- Opening Delimiter -

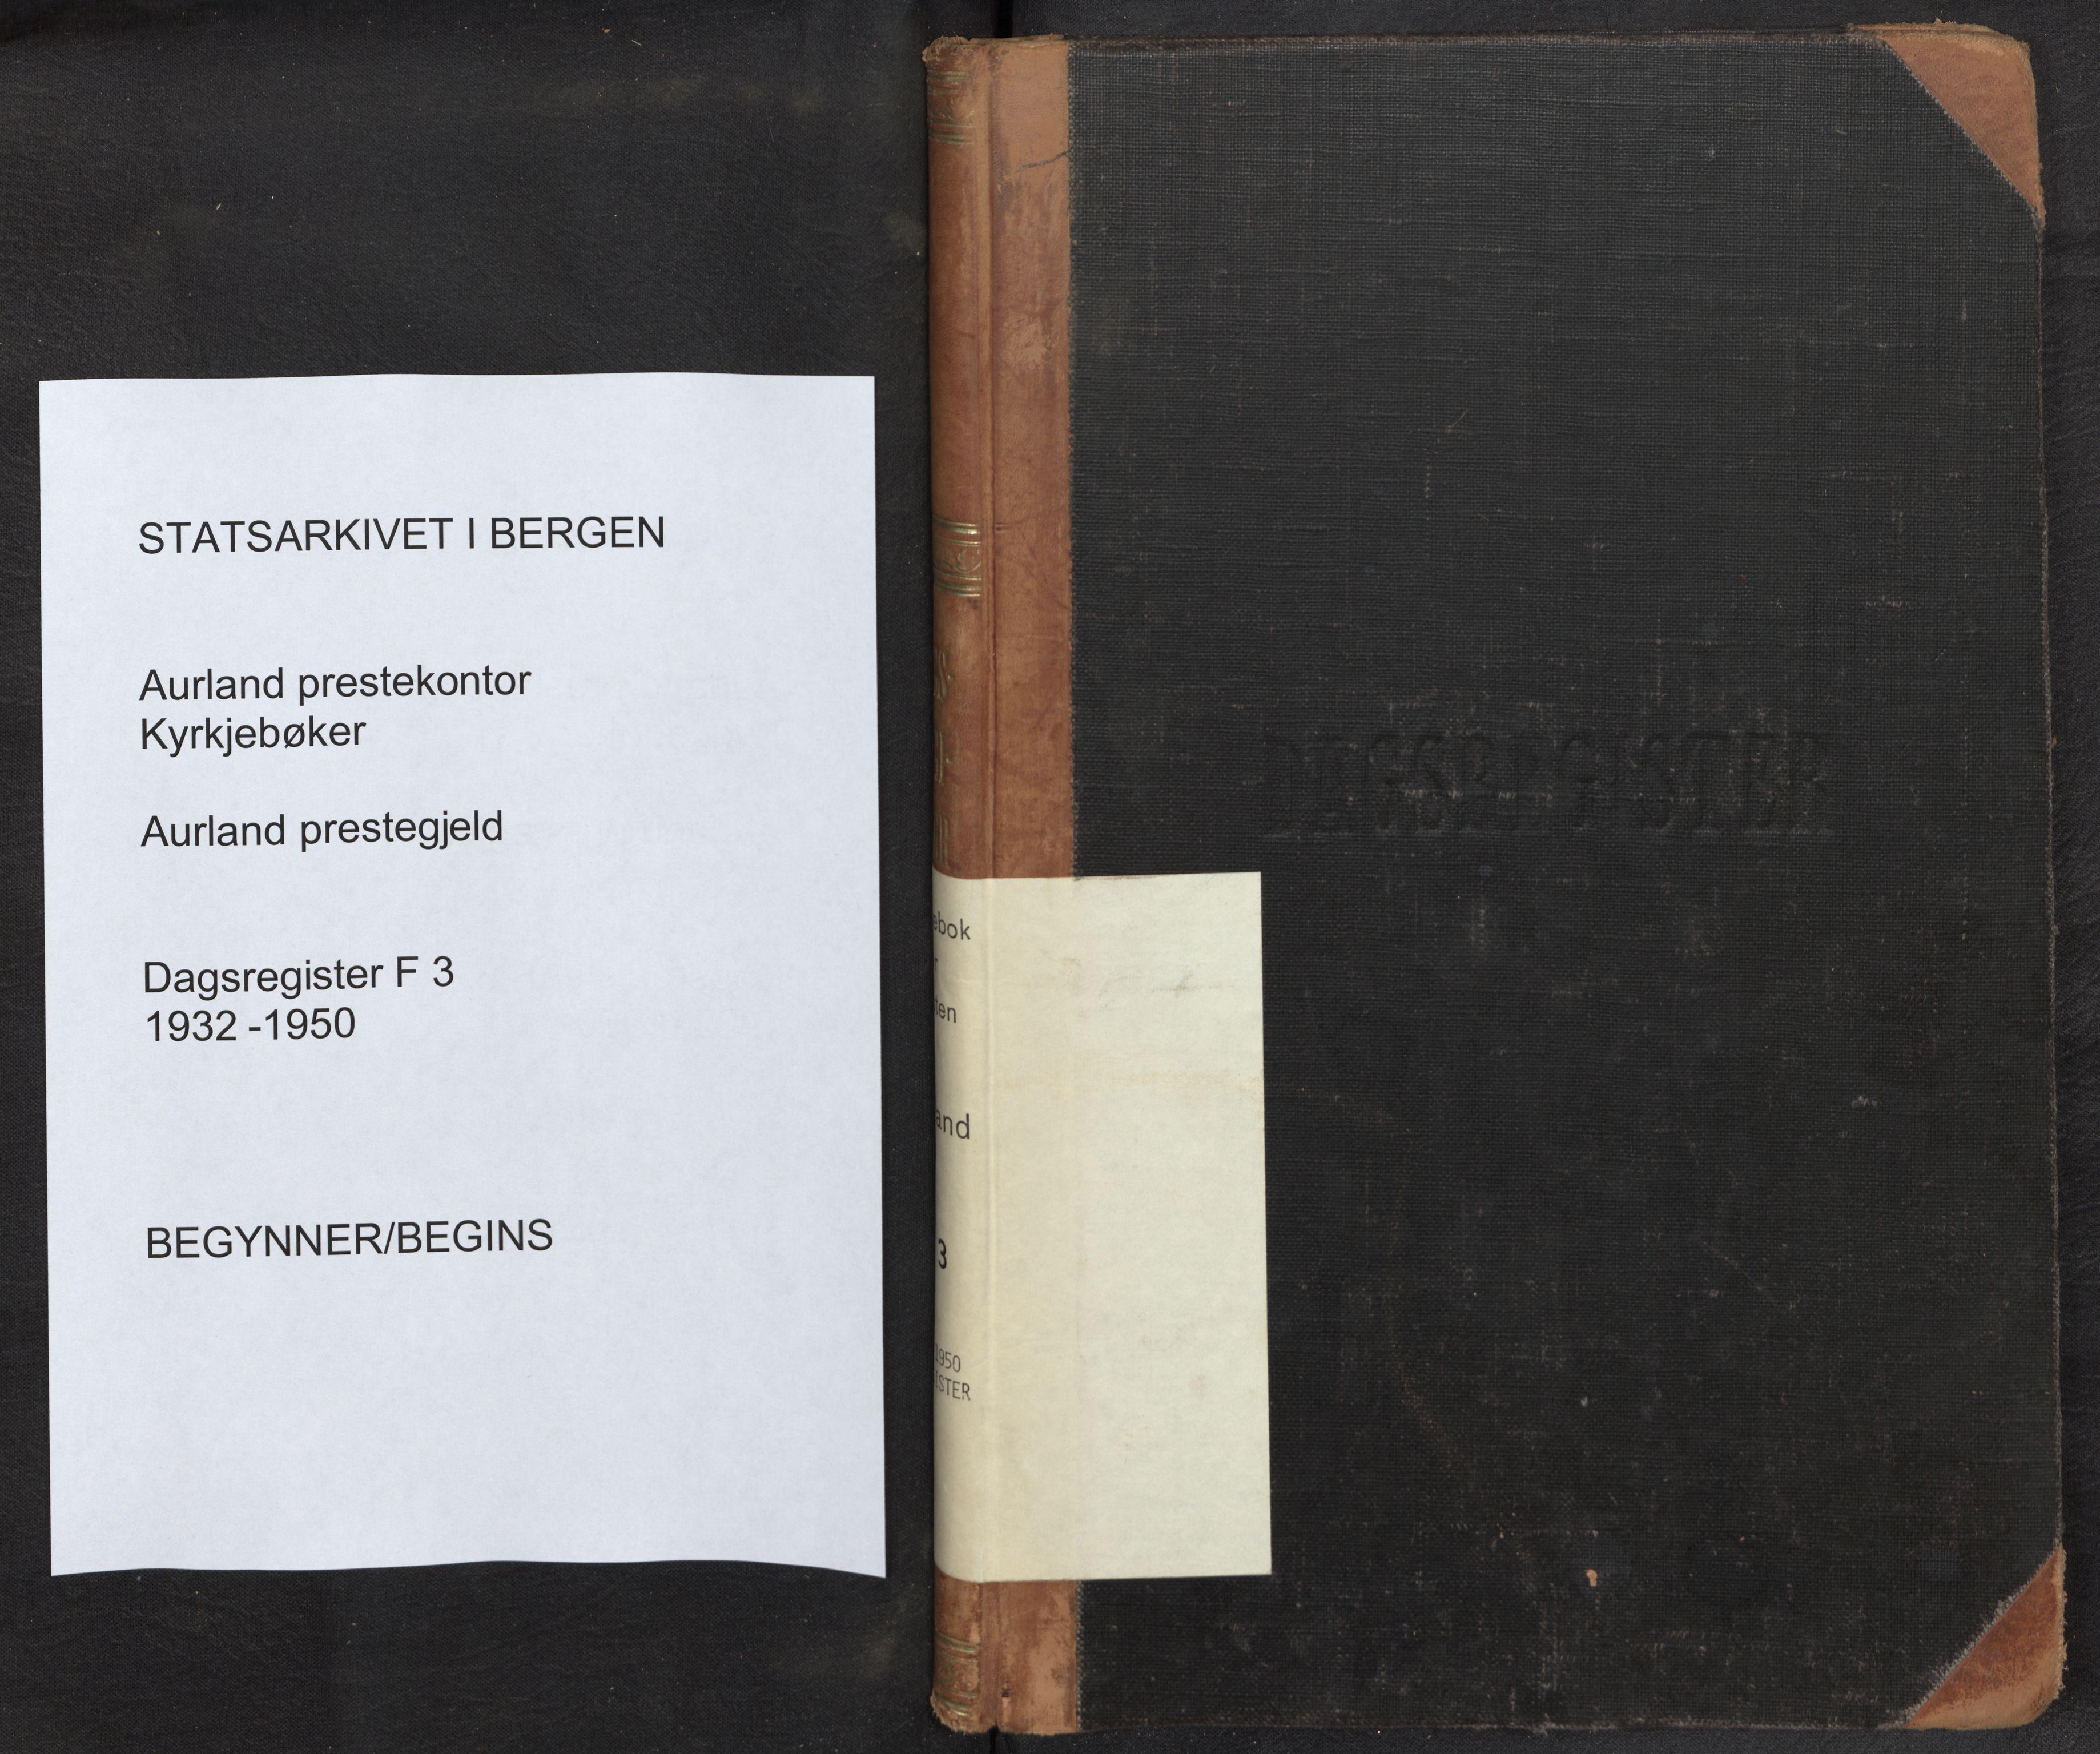 SAB, Aurland sokneprestembete, H/Ha/Haf: Diary records no. F 3, 1932-1950
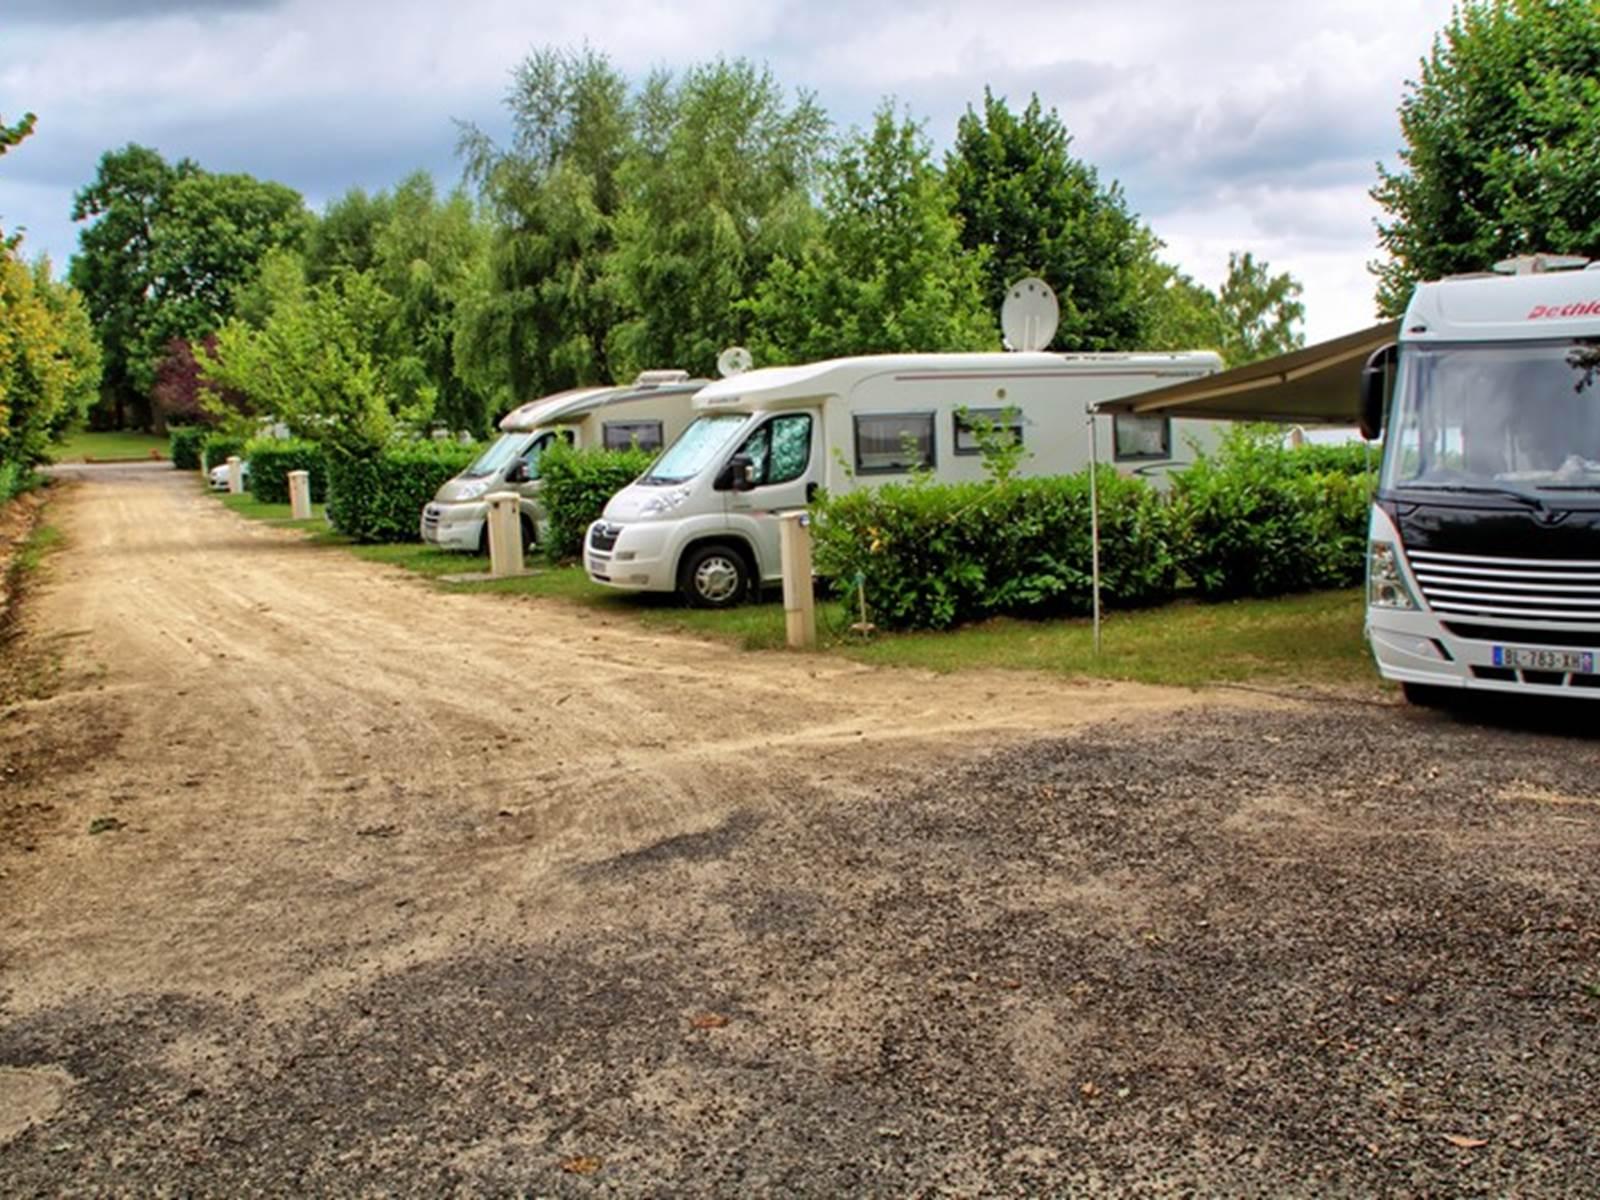 camping de la lande nexon limousin (30)
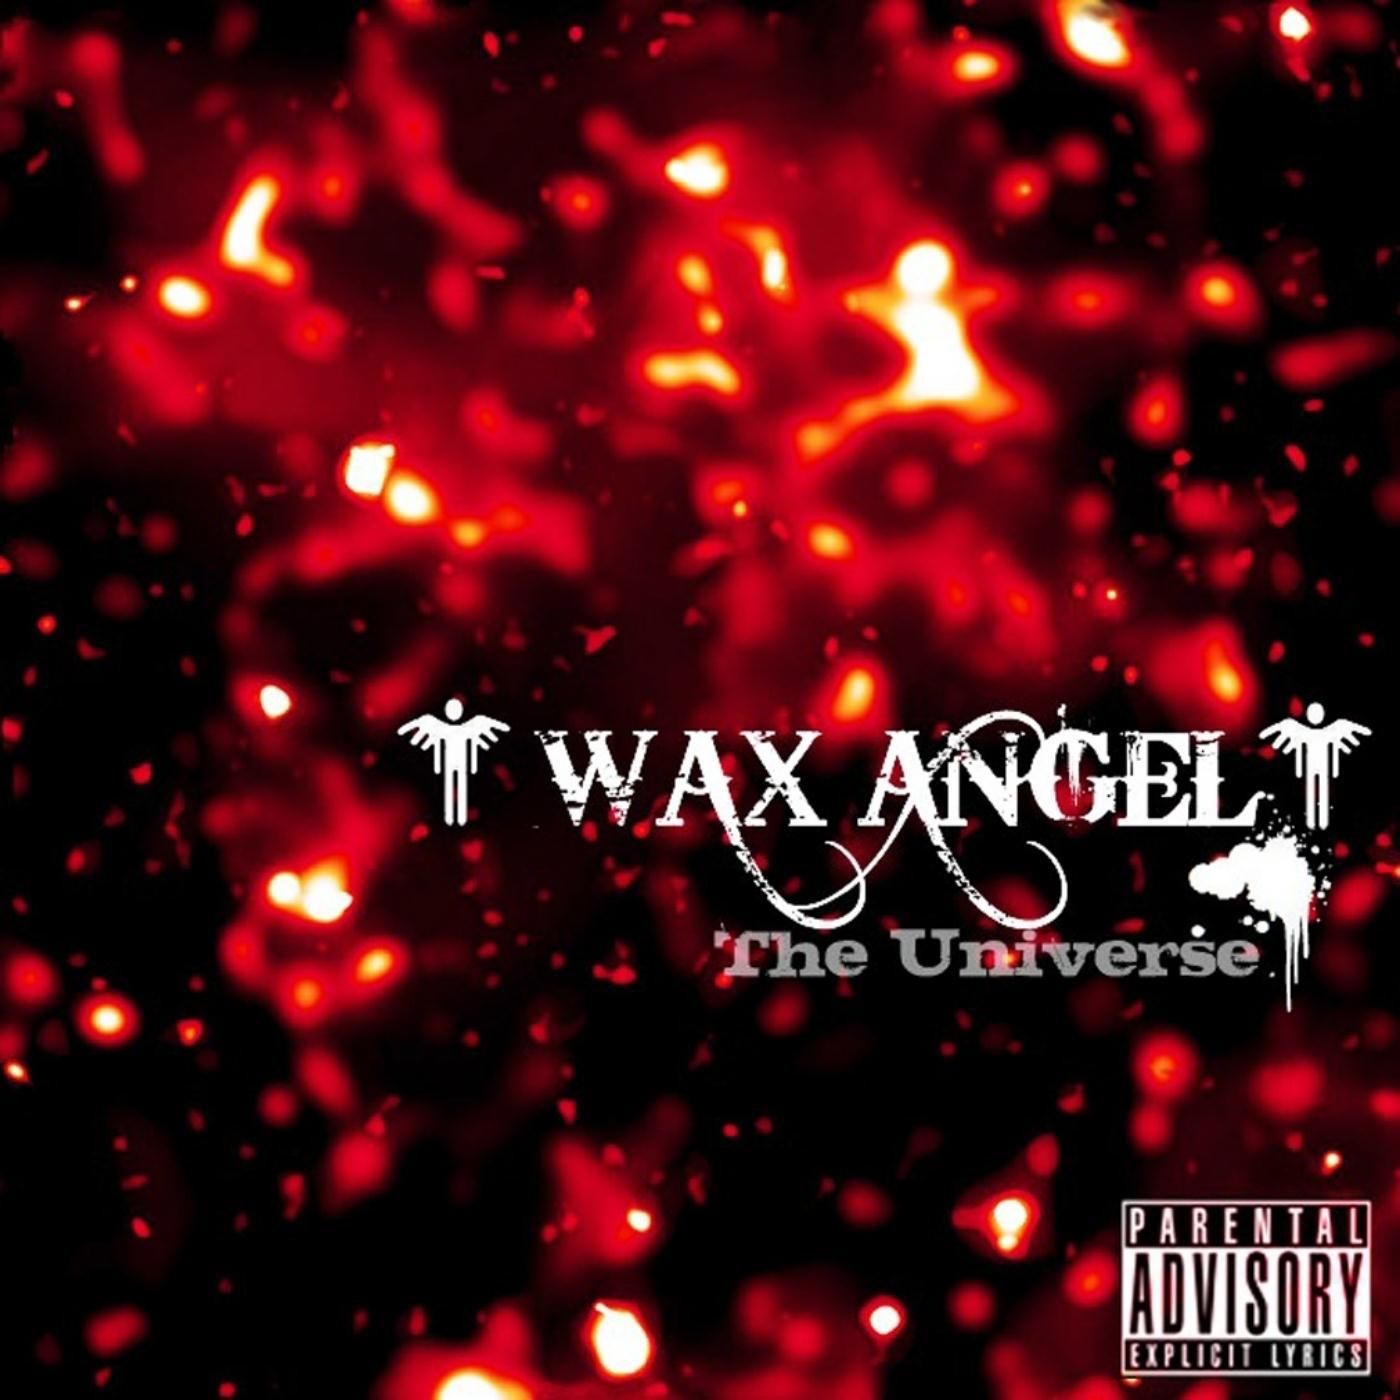 Wax Angel album The Universe

- Closing Delimiter -

## ABOUT THIS EXERCISE
Please print the material exactly as given above, omitting the pictures.

## RESPONSE AREA
 SAB, Aurland sokneprestembete, H/Ha/Haf: Diary records no. F 3, 1932-1950
 camping de la lande nexon limousin (30)
 Wax Angel album The Universe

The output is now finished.